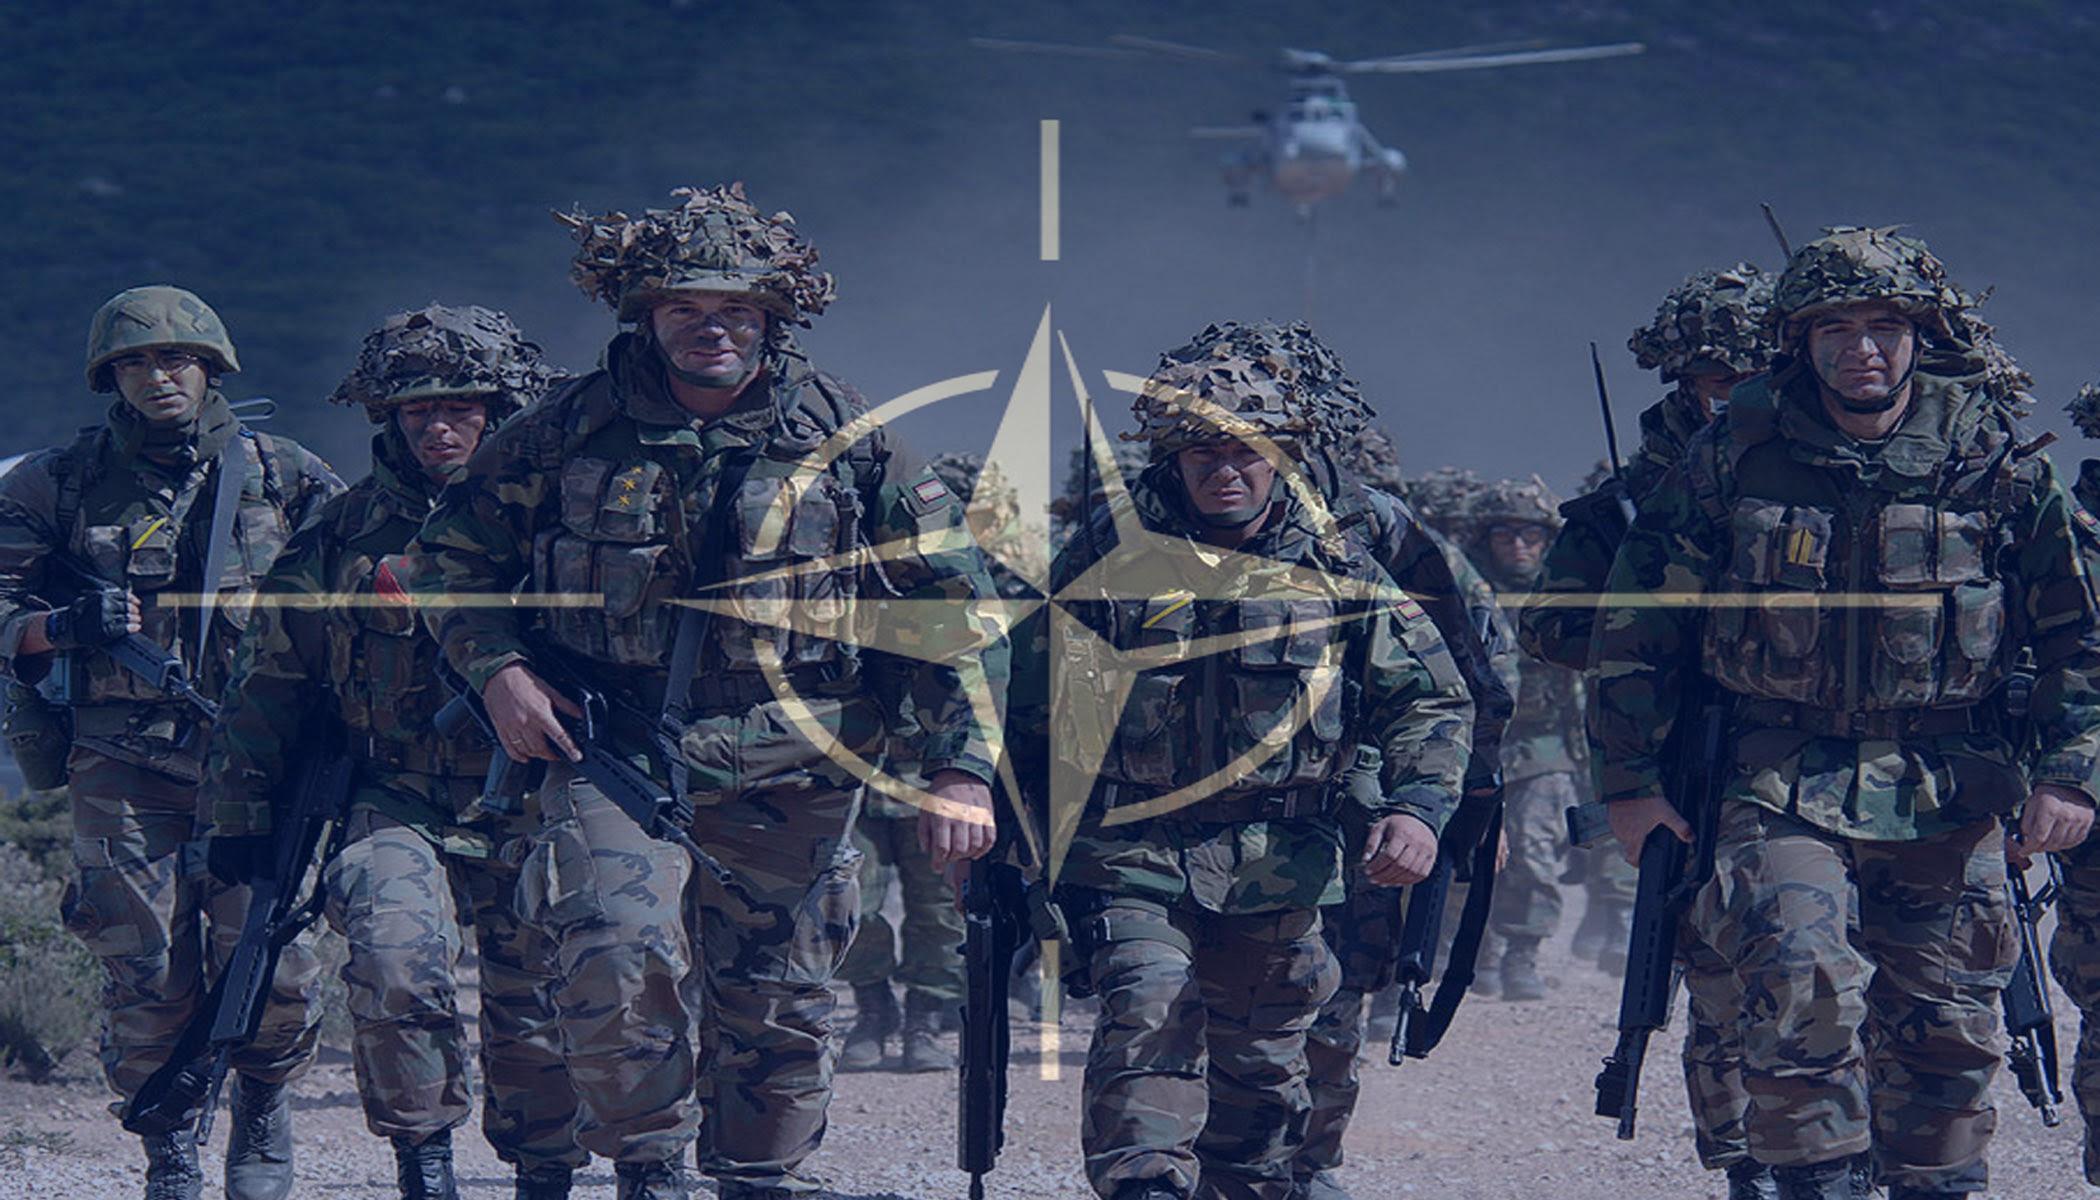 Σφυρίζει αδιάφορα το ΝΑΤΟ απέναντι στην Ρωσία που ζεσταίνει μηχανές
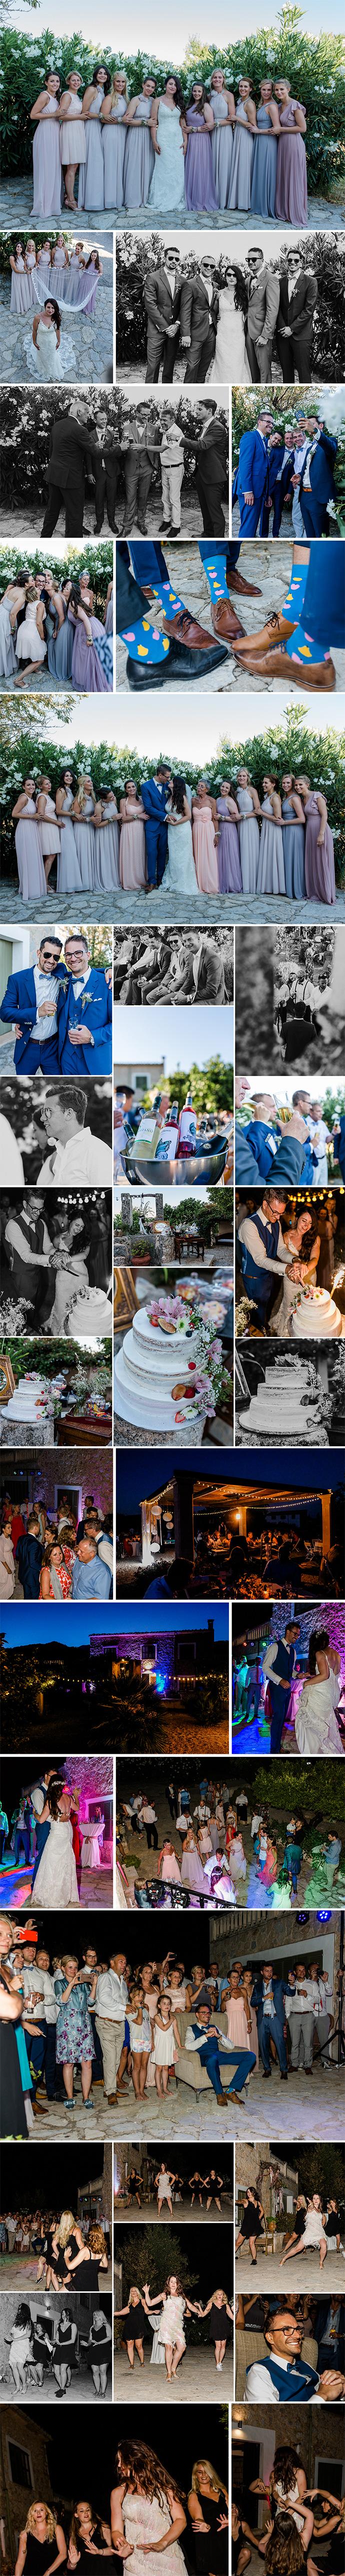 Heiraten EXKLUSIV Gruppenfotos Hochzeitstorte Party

___

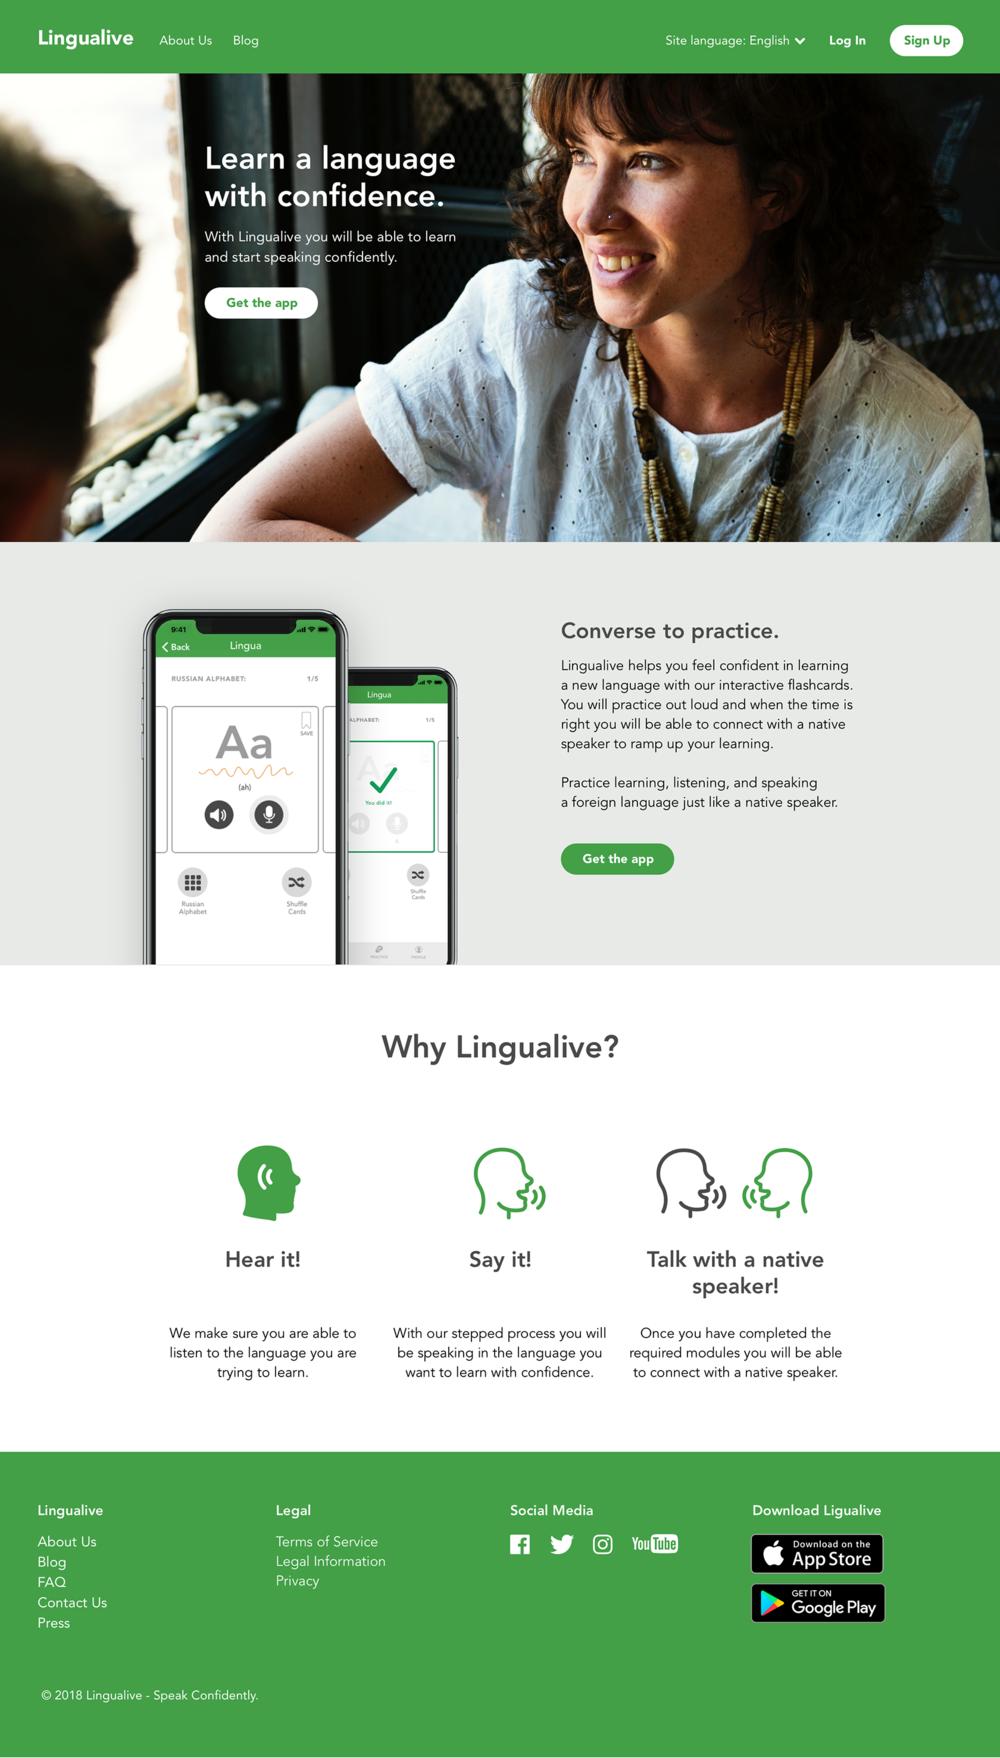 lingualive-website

___

◆ Work instruction
Exact repeat of the material above: every line from the one with "Σφυρίζει αδιάφορα το" through the one with "Heiraten EXKLUSIV Gruppenfotos", endpoints included, and nothing more. No pictures.

◆ Solution to this exercise
 Σφυρίζει αδιάφορα το ΝΑΤΟ απέναντι στην Ρωσία που ζεσταίνει μηχανές
 Heiraten EXKLUSIV Gruppenfotos Hochzeitstorte Party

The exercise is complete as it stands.